+++ Source material +++
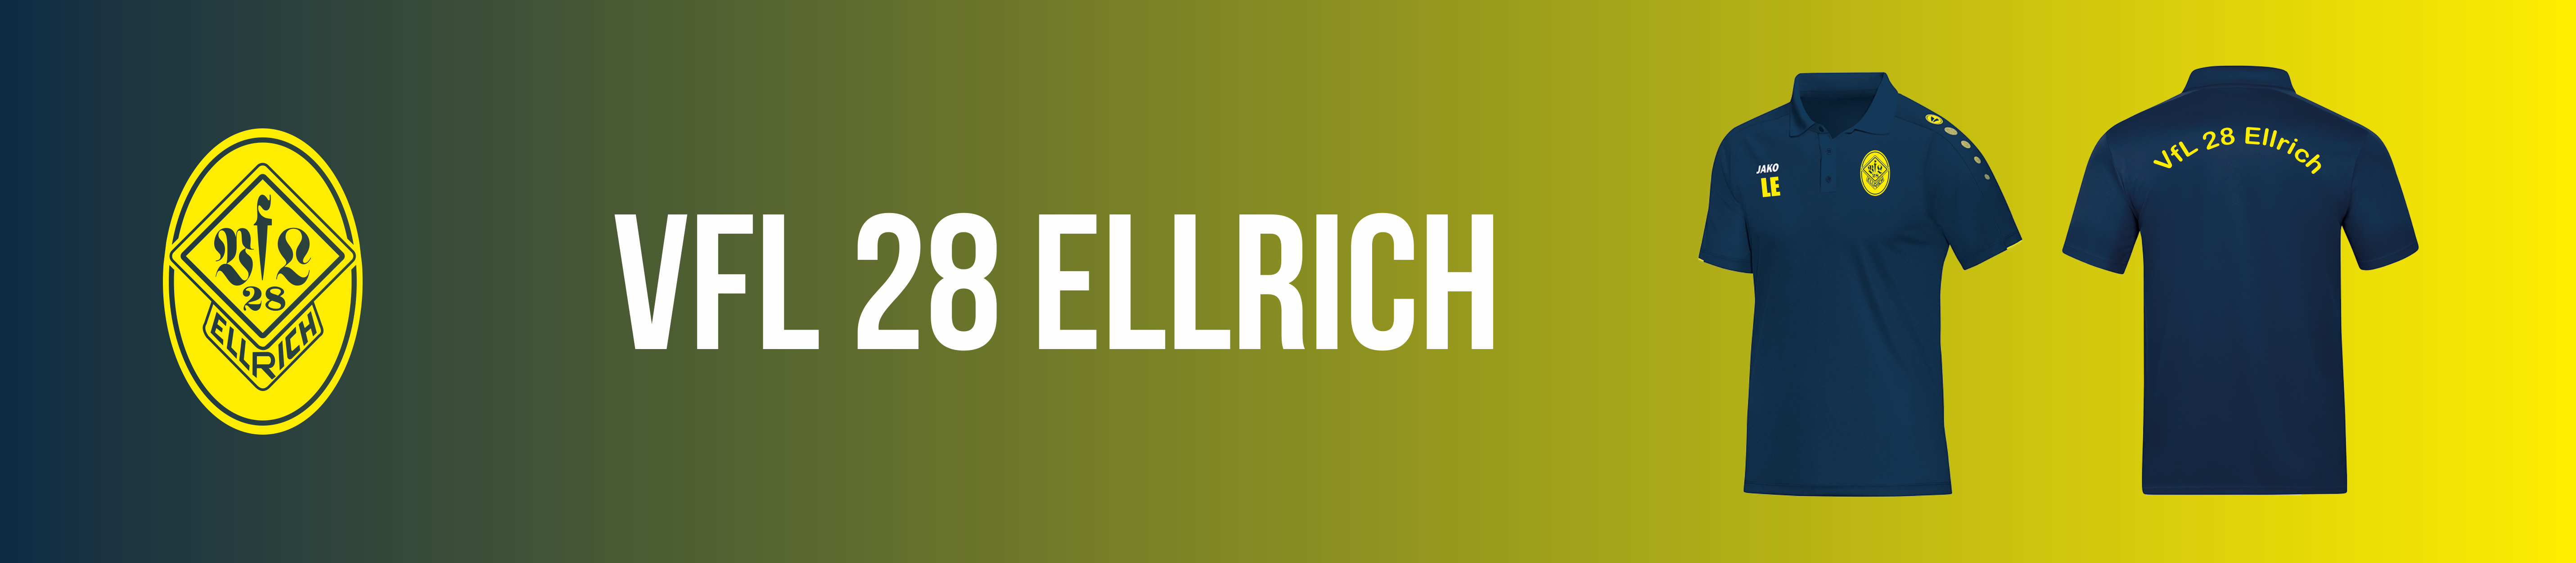 VfL 28 Ellrich Title Image
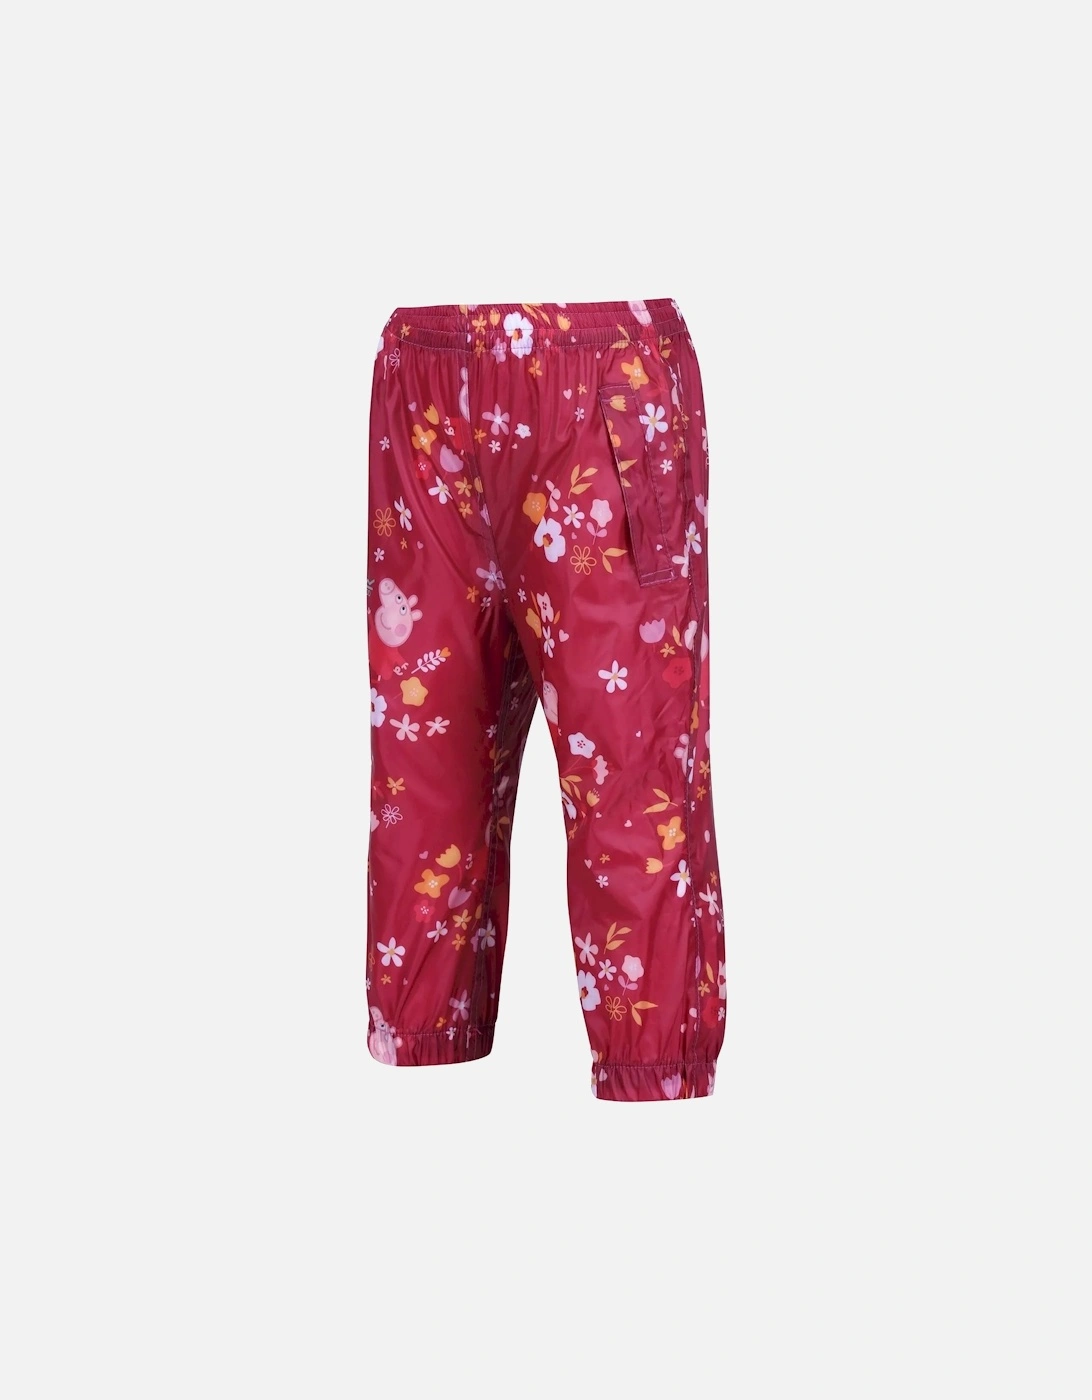 Childrens/Kids Floral Peppa Pig Packaway Waterproof Trousers
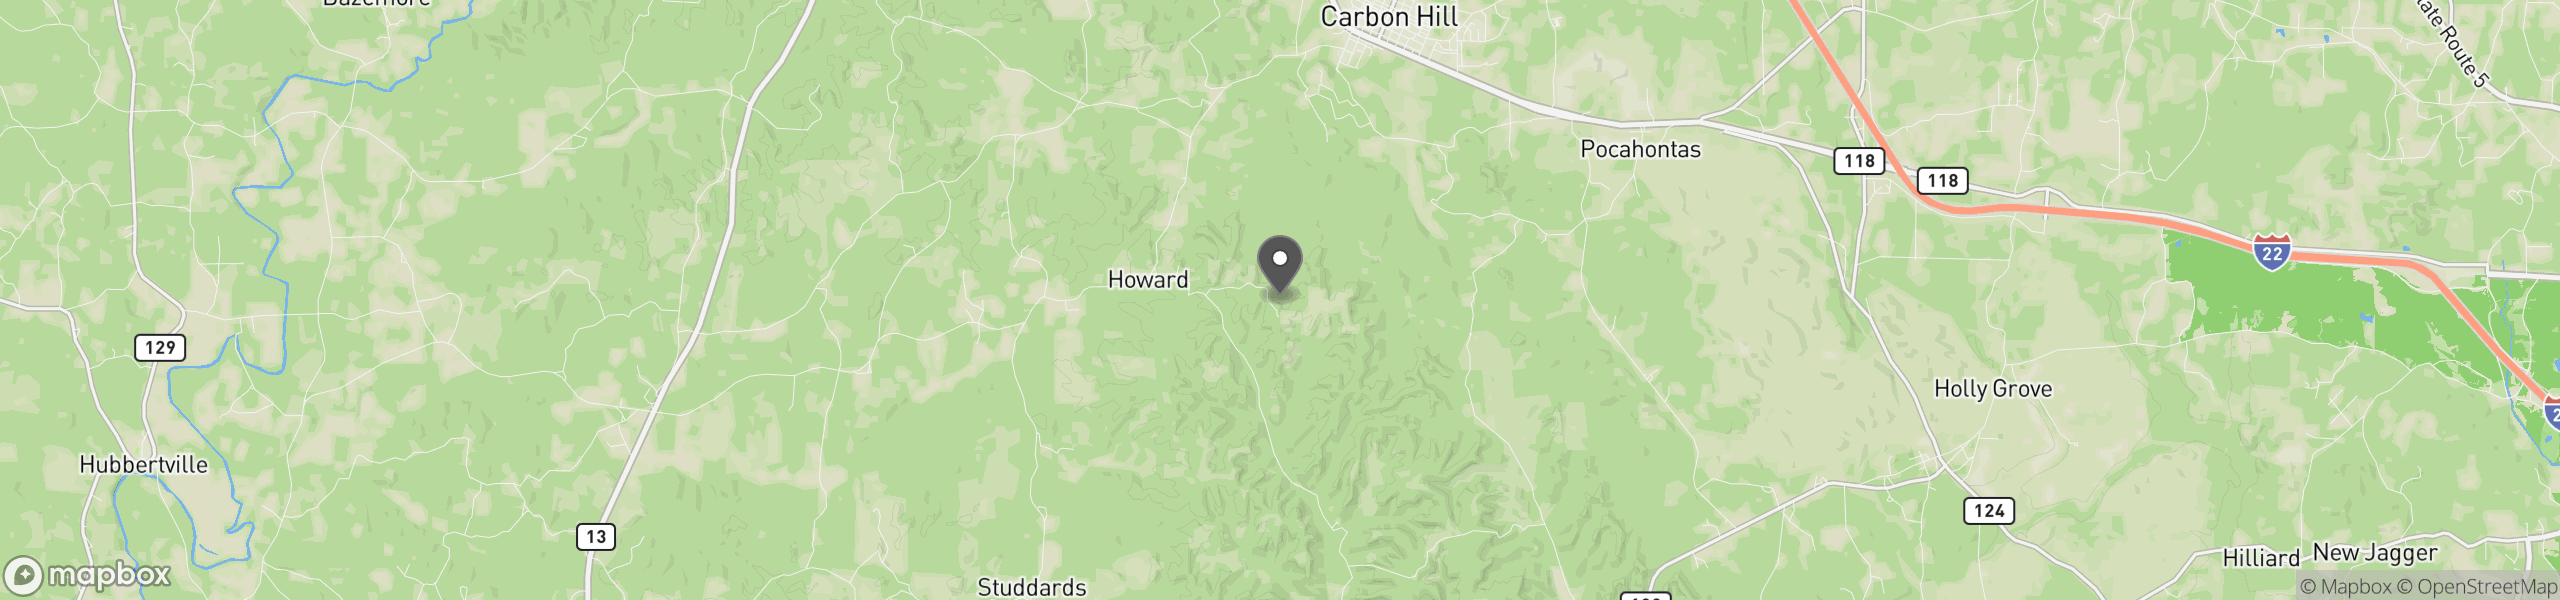 Carbon Hill, AL 35549
+++
## Problem to work on
Reproduce the material word for word, but without its images.

## Task output
 VfL 28 Ellrich Title Image
 Childrens/Kids Floral Peppa Pig Packaway Waterproof Trousers
 Carbon Hill, AL 35549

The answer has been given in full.